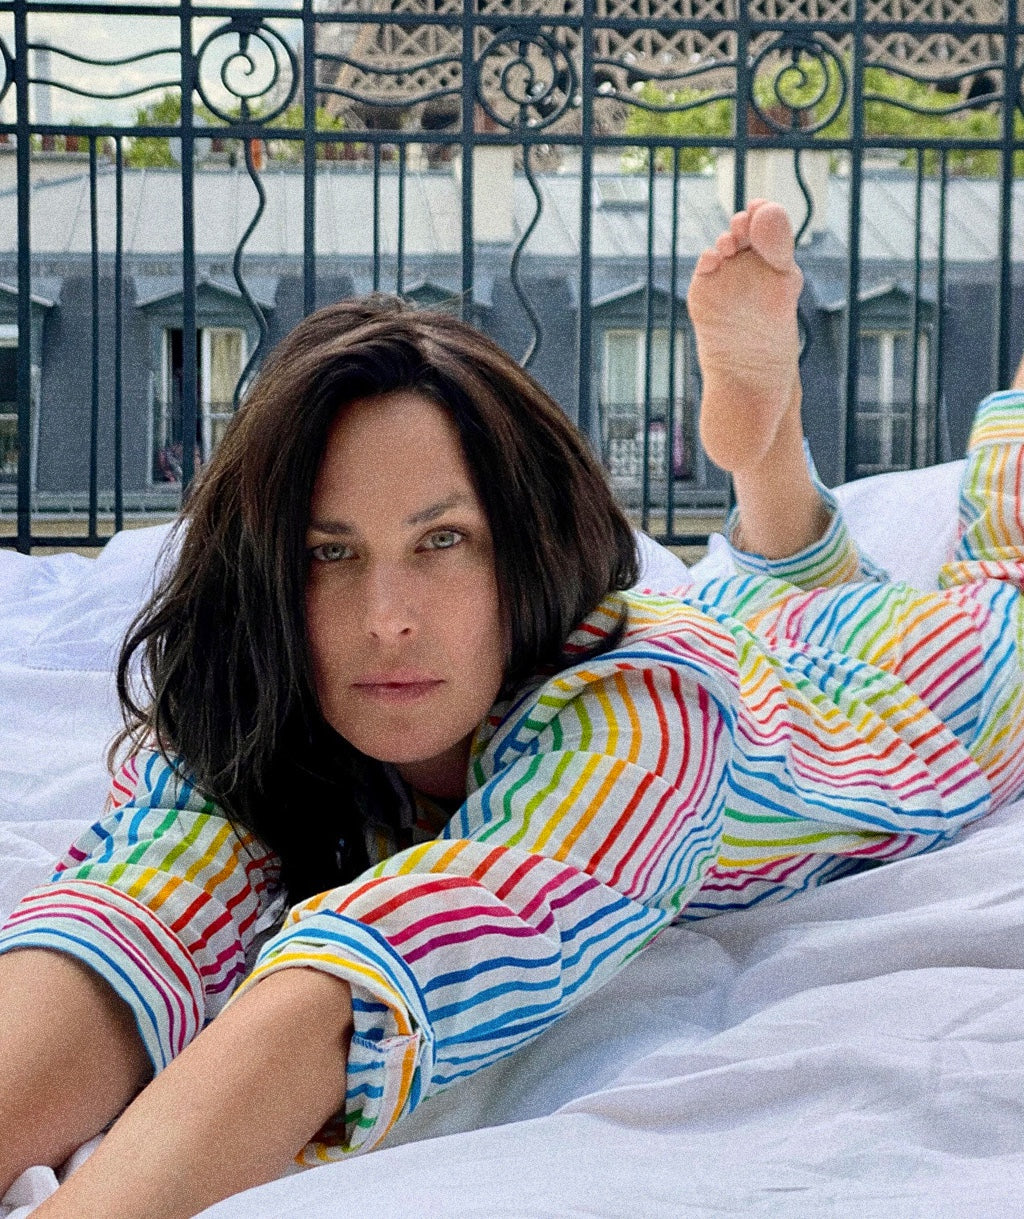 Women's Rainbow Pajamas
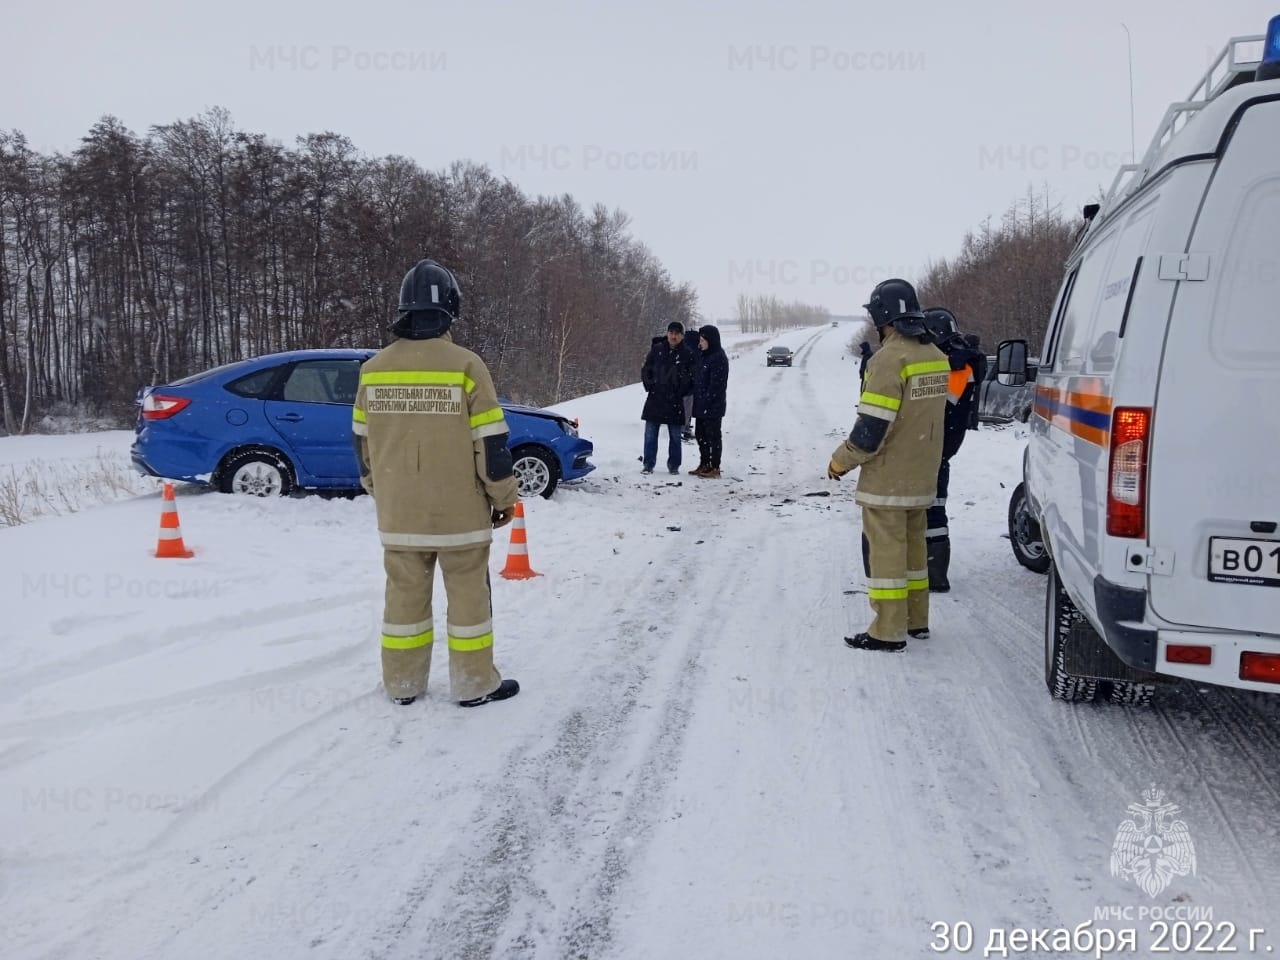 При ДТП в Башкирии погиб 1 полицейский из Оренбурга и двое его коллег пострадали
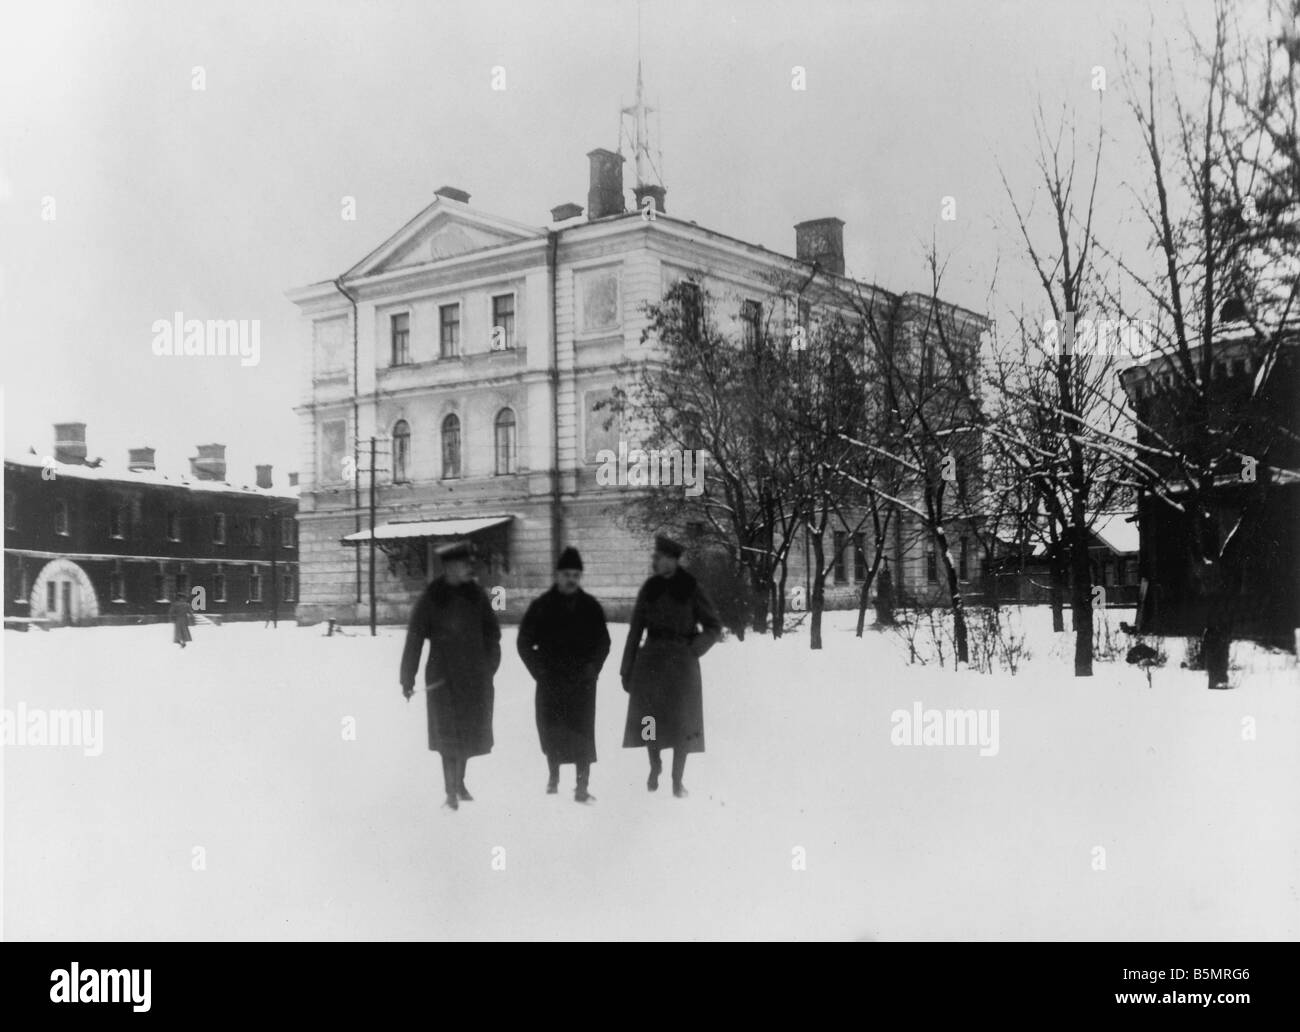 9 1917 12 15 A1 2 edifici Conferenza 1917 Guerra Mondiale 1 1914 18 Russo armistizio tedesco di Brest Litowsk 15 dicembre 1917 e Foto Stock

*EXERCISE INSTRUCTIONS*
Begin with the line holding "При ДТП в Башкирии погиб 1 полицейский" and end with the last line of the listing. Reproduce each of those lines exactly, and leave every picture out.

*RESULT*
 При ДТП в Башкирии погиб 1 полицейский из Оренбурга и двое его коллег пострадали
 9 1917 12 15 A1 2 edifici Conferenza 1917 Guerra Mondiale 1 1914 18 Russo armistizio tedesco di Brest Litowsk 15 dicembre 1917 e Foto Stock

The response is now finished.